> **About this task**: Keep the lines exact and the pictures out as you repeat the following listing.

> **Data**:

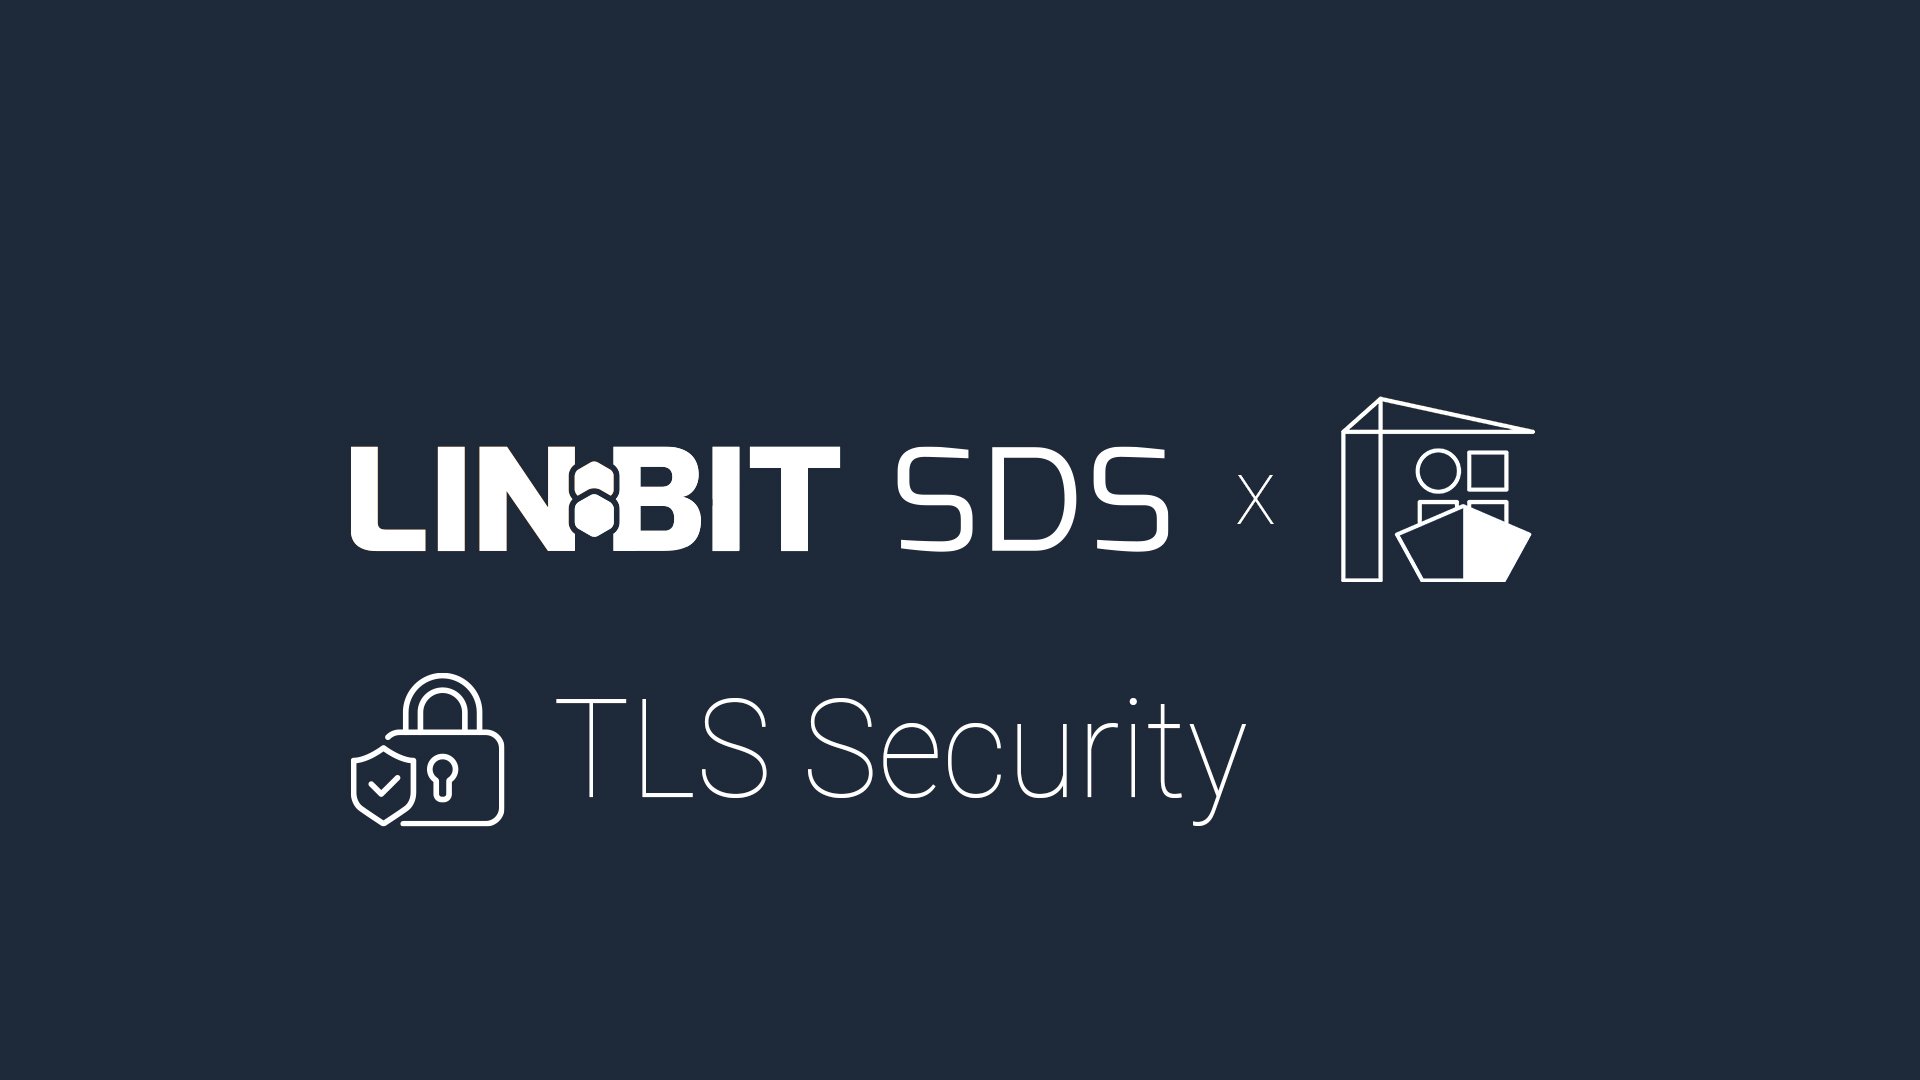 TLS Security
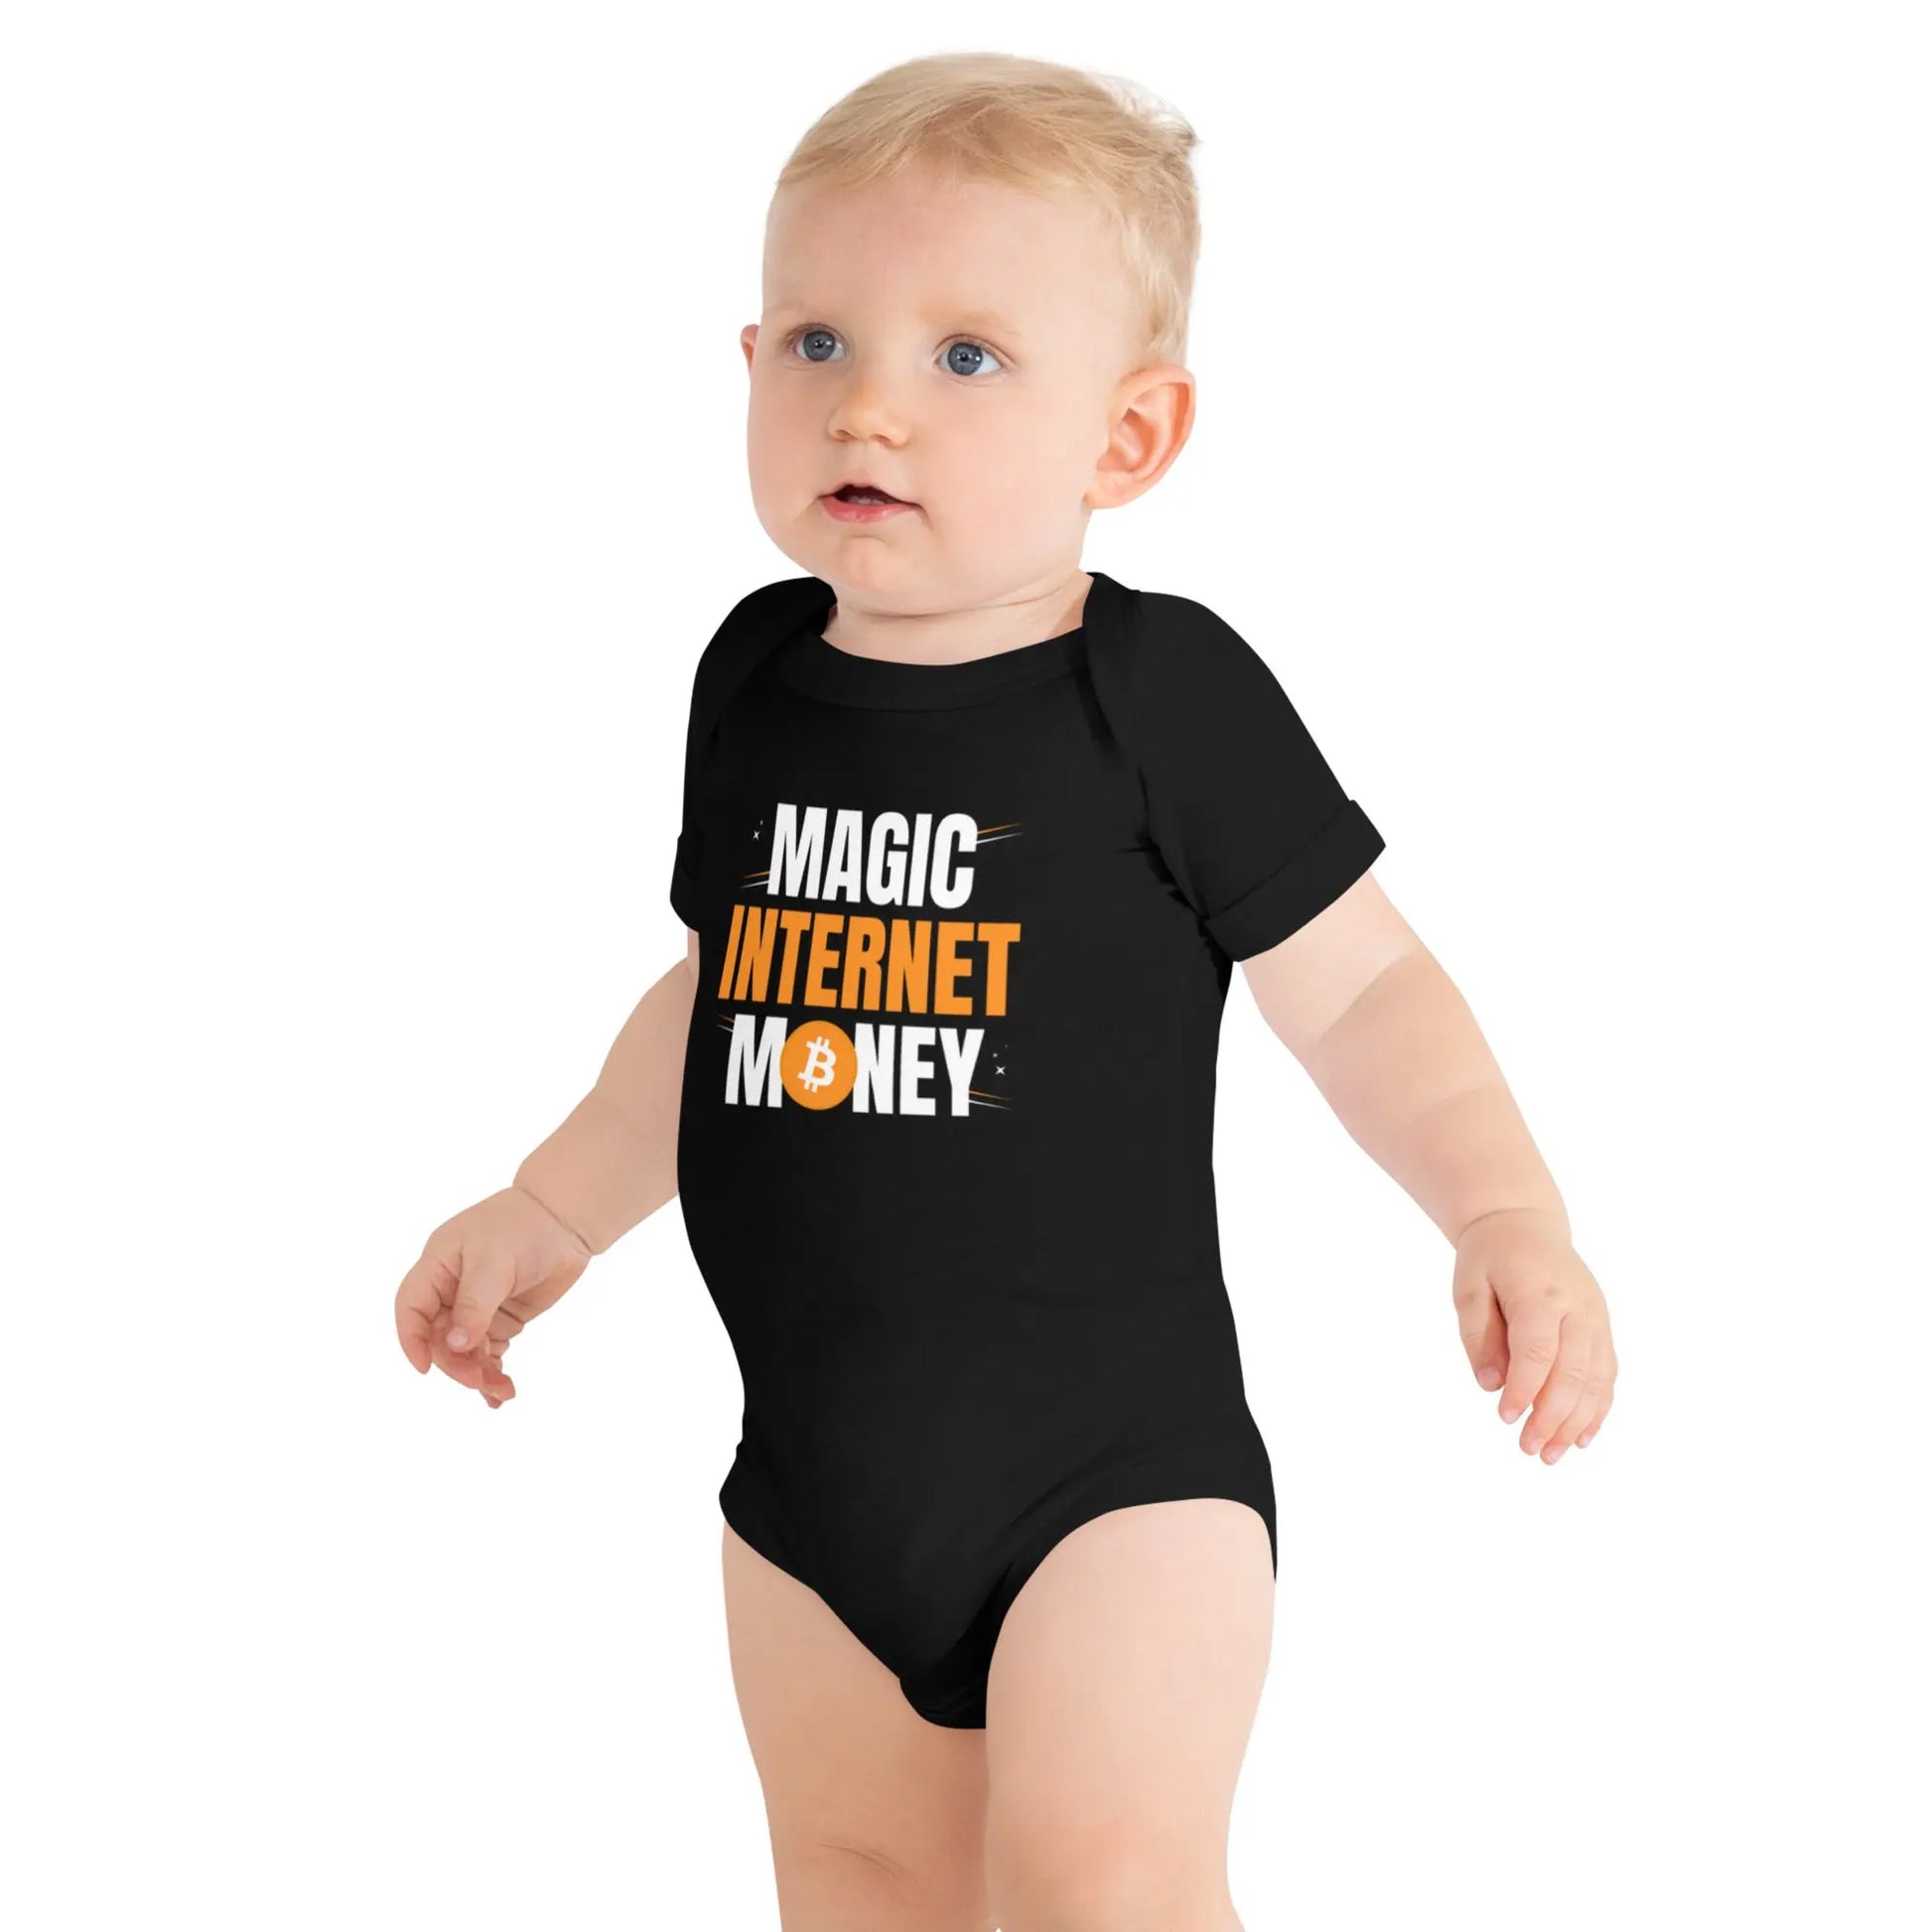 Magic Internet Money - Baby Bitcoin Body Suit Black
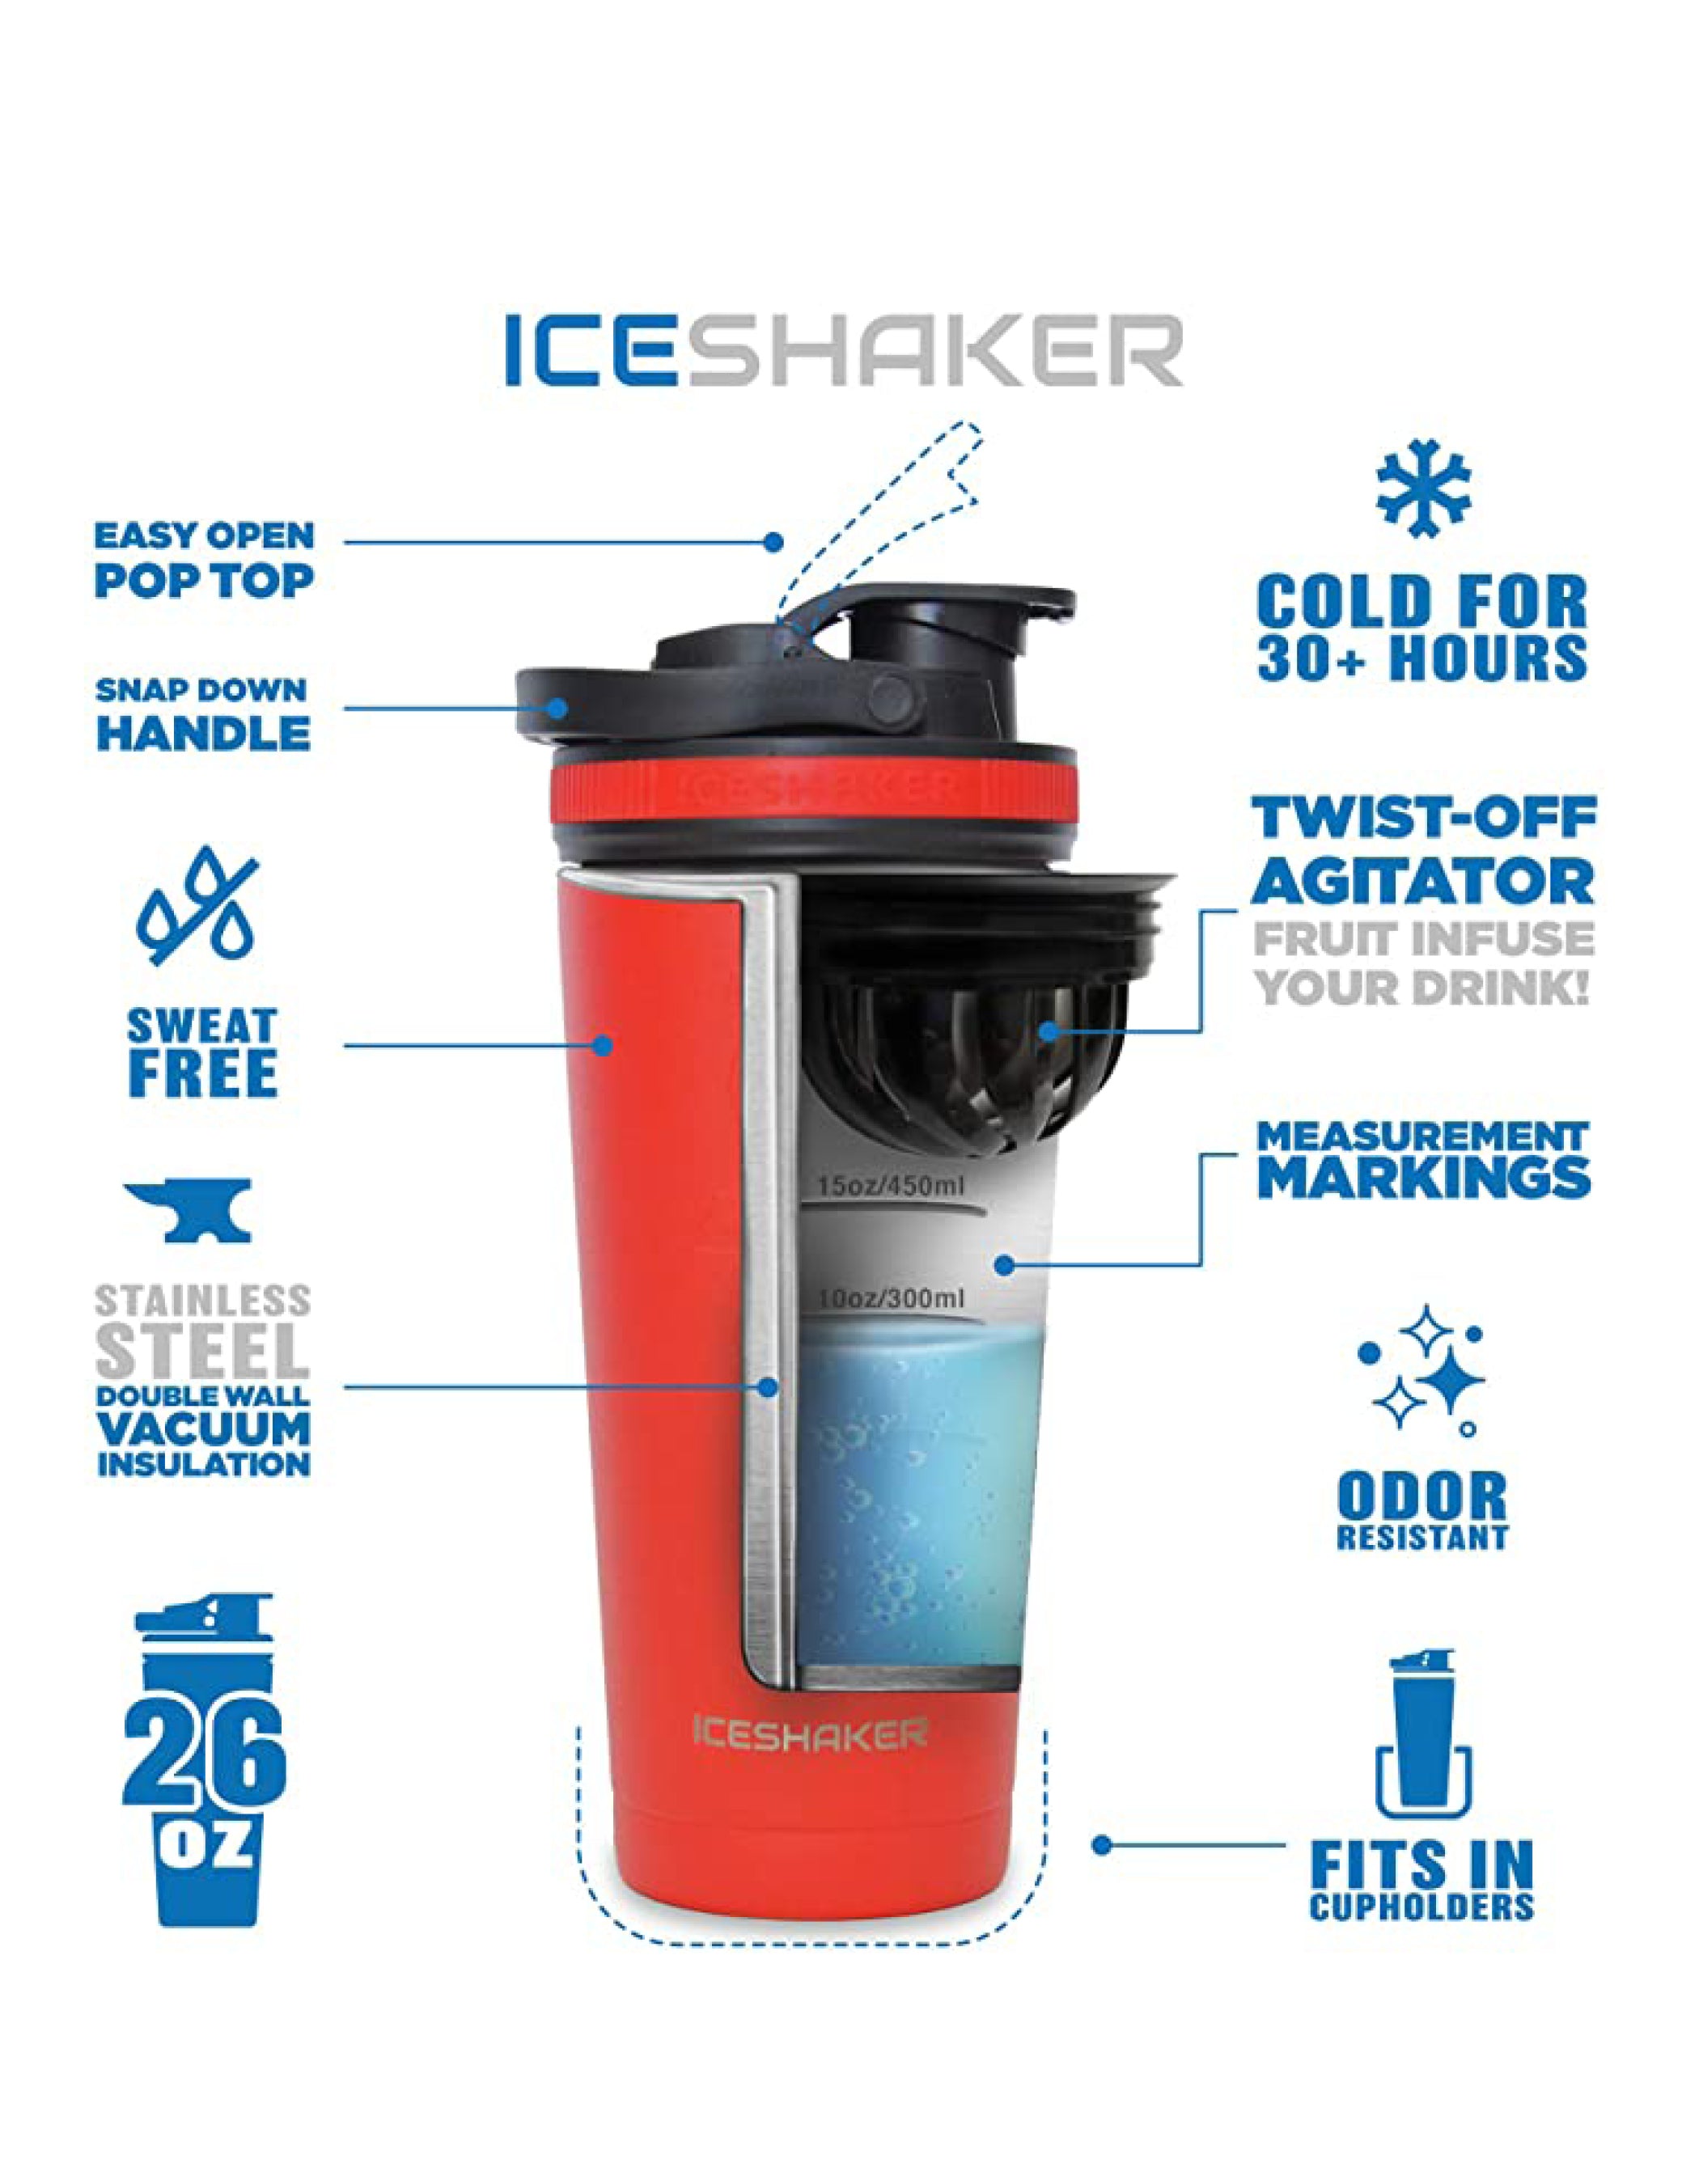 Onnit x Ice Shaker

> **Response for this exercise**:
 TLS Security
 Magic Internet Money - Baby Bitcoin Body Suit Black
 Onnit x Ice Shaker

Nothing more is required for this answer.